In May 2020, RBSL secured a training and maintenance contract with Rheinmetall Canada to support the delivery of Rheinmetall's Mission Master unmanned ground vehicles (UGVs) to the UK Ministry of Defence. Under the terms of the contract RBSL will provide training for operators and maintenance support for the British Army, who will use the vehicles in the UK's Robotic Platoon Vehicle experimentation programme. The aim of this programme is to help determine the extent to which UGVs can enhance the British Army's combat capabilities and effectiveness, especially for dismounted troops at platoon level.

To reduce the load carried by foot soldiers, the Army has received four cargo variants of the Mission Master, these each able to carry up to half a tonne of supplies, tactical kit, or medical equipment and come complete with two stretchers that can be easily attached in just 60 seconds to carry wounded personnel.
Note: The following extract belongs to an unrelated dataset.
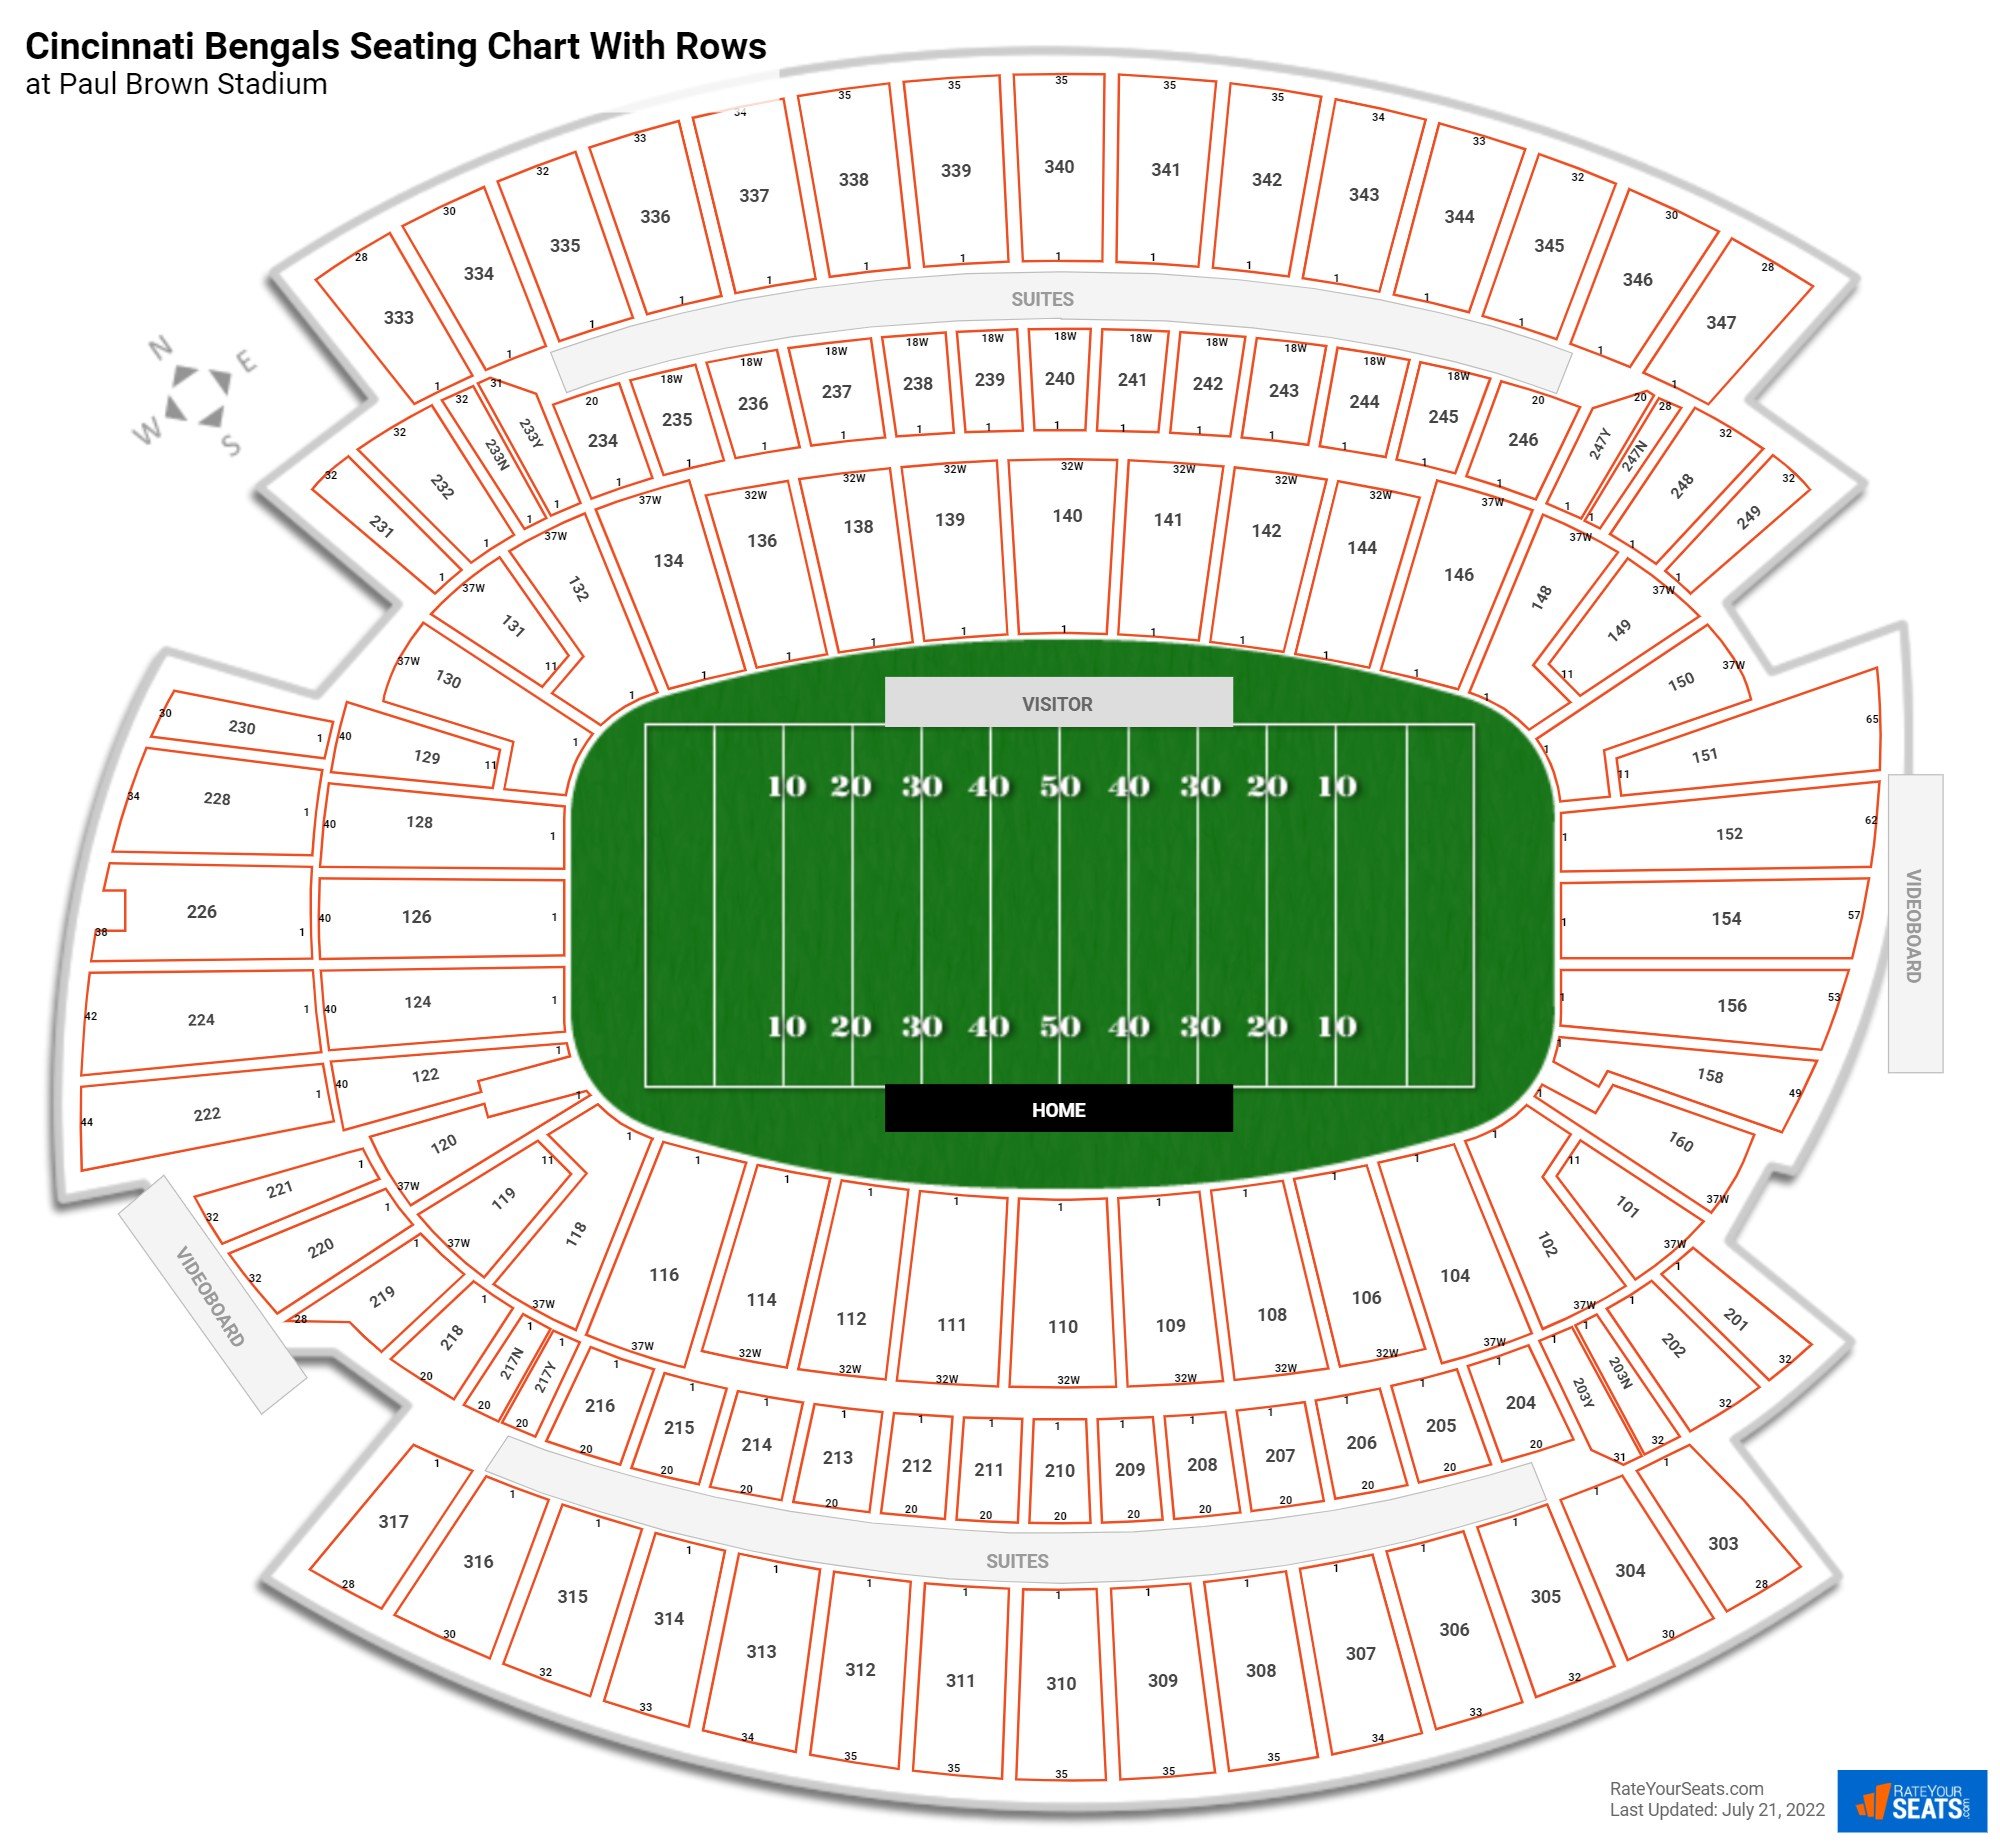 Paul Brown Stadium seating chart with row numbers

=== FUCHS CBRN upgrade ===
In October 2020, RBSL was awarded a £16 million contract by the UK's Defence Equipment and Support (DE&S) organisation to upgrade and sustain the British Army's fleet of Rheinmetall-supplied TPz Fuchs armoured reconnaissance vehicles. Work will be conducted from RBSL's Telford facility. The contract includes a new support agreement to provide spares, maintenance, and training for the vehicles.

== Norwegian contract award ==
The Norwegian Defence Research Establishment awarded Rheinmetall a contract for delivery of a Mission Master XT to the Norwegian Army. In August 2023, the army's intelligence battalion received a unit for testing.